El primer regalo del que tengo memoria debe haber sido aquel camión
de madera que mi padre me hizo para un cumpleaños. No me gustó y
no lo usé nunca quizá porque lo había hecho él y no se parecía a los de
lata pintada que vendían en los negocios. Muchos años después lo
encontré en casa de uno de mis primos que se lo había dado a su hijo.
Era un Chevrolet 47 verde, con volquete, ruedas de retamo y el capó
que se abría. Las ruedas y los ejes seguían en su lugar y las diminutas
bisagras de las puertas estaban oxidadas pero todavía funcionaban.
Mi padre se daba maña para hacer de todo sin ganar un peso. En San
Luis construyó una casa en un baldío de horizonte dudoso, cubierto de
yuyos y algarrobales. El gobierno de Perón le había dado un crédito
para vivienda y él se sentía vagamente humillado por haberlo
merecido. Nunca supe cómo hacía para ocultar su condición de
antiperonista virulento, de yrigoyenista nostálgico en los tiempos del
Plan Quinquenal. En cambio yo me criaba en aquel clima de Nueva
Argentina en la que los únicos privilegiados éramos los niños, sobre
todo los que llevábamos el luto por Evita.
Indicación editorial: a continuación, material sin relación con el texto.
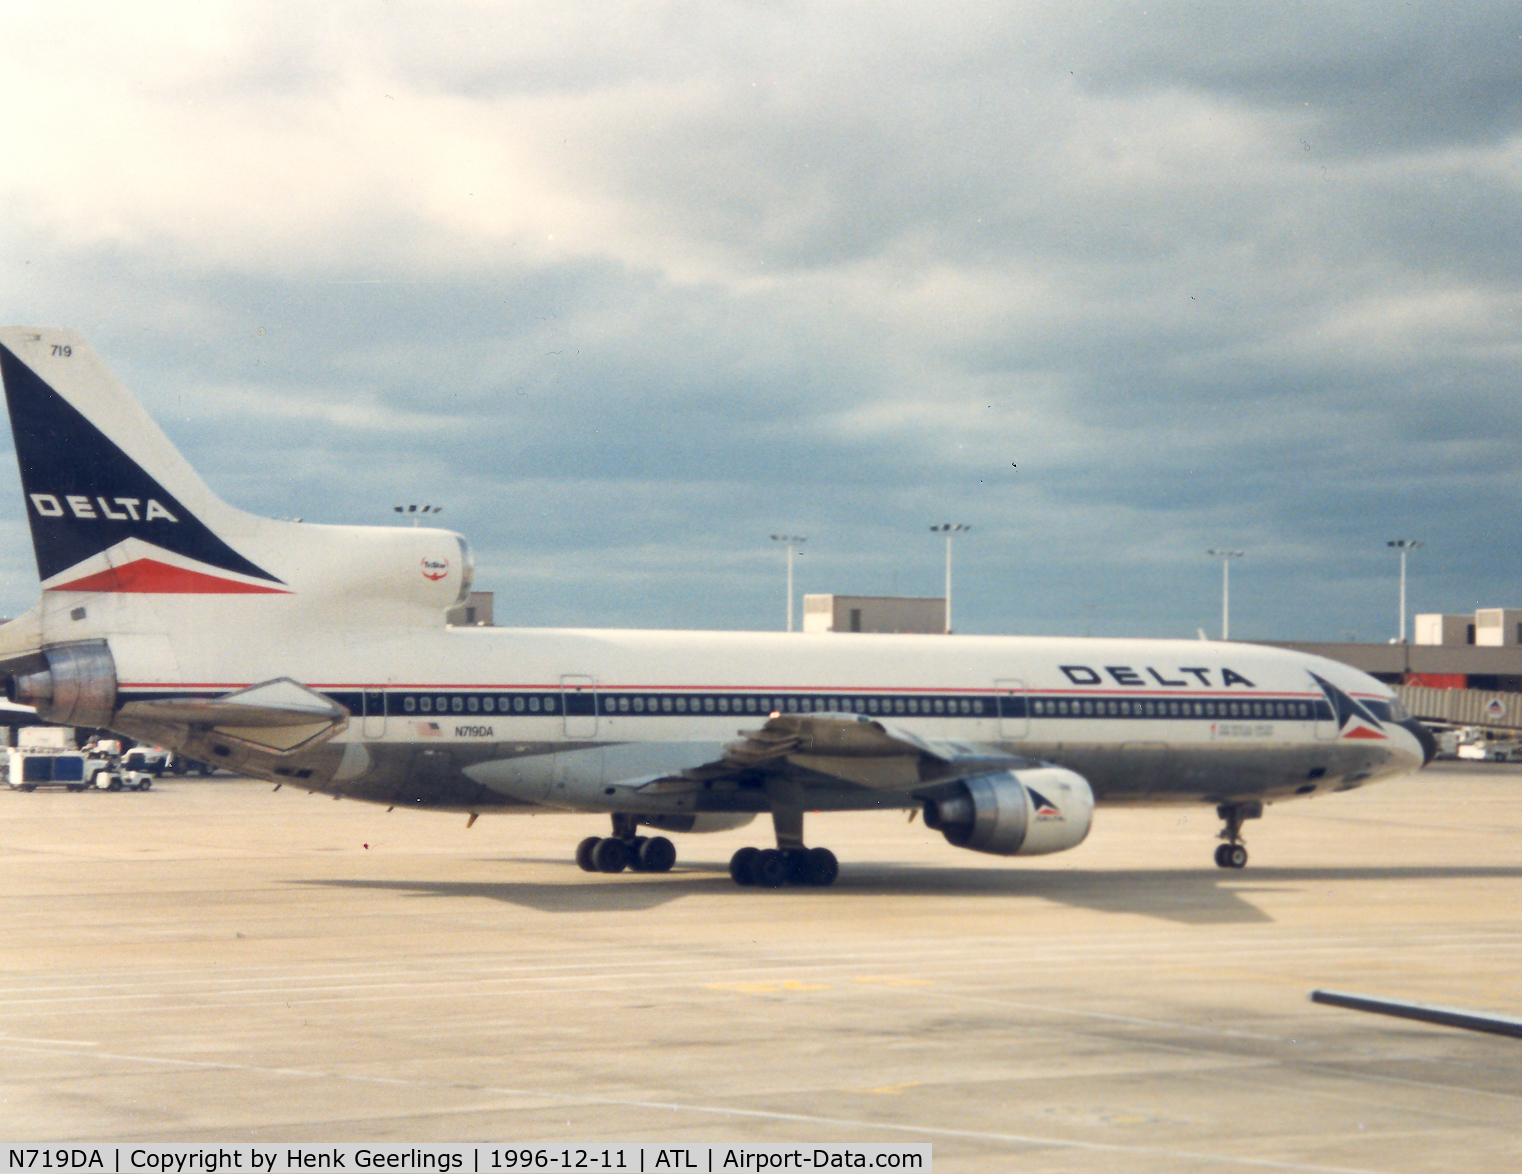 N719DA, 1976 Lockheed L-1011-385-1 TriStar 1 C/N 193C-1135, Delta

En el día de Reyes, que para colmo es el de mi cumpleaños, el correo
regalaba juguetes a los chicos que fueran a buscarlos. Muñecas,
trompos, una pelota de goma, cosas de nada que los pibes mostraban a
la tarde en la vereda. Por más peronistas que fuéramos, a los hijos de
los "contreras" se nos notaba la bronca y el orgullo de ser diferentes.
A mi padre no le gustaba que yo hiciera cola en el correo para recibir
algo que él no podía comprarme. Por eso me hizo aquel camión con
sus propias manos, para mostrarme que mi viejo era él y no el lejano
dictador que nos embelesaba por radio y aparecía en las tapas de todas
las revistas.
Pero a mí el camión no me gustaba y a escondidas le escribí una carta
al mismísimo General. No recuerdo bien: creo que en el sobre puse
"Excelentísimo General Don Juan Domingo Perón, Buenos Aires". En
casa siempre había estampillas coloradas con la cara de San Martín así
que despaché la carta y enseguida me olvidé. Para remediar su fracaso
con el camión, mi padre me compró un barquito verde y blanco que no
funcionó nunca pero del que me acuerdo siempre. Como no tenía
hermanos, nadie me lo disputaba y pasaba horas haciéndolo navegar.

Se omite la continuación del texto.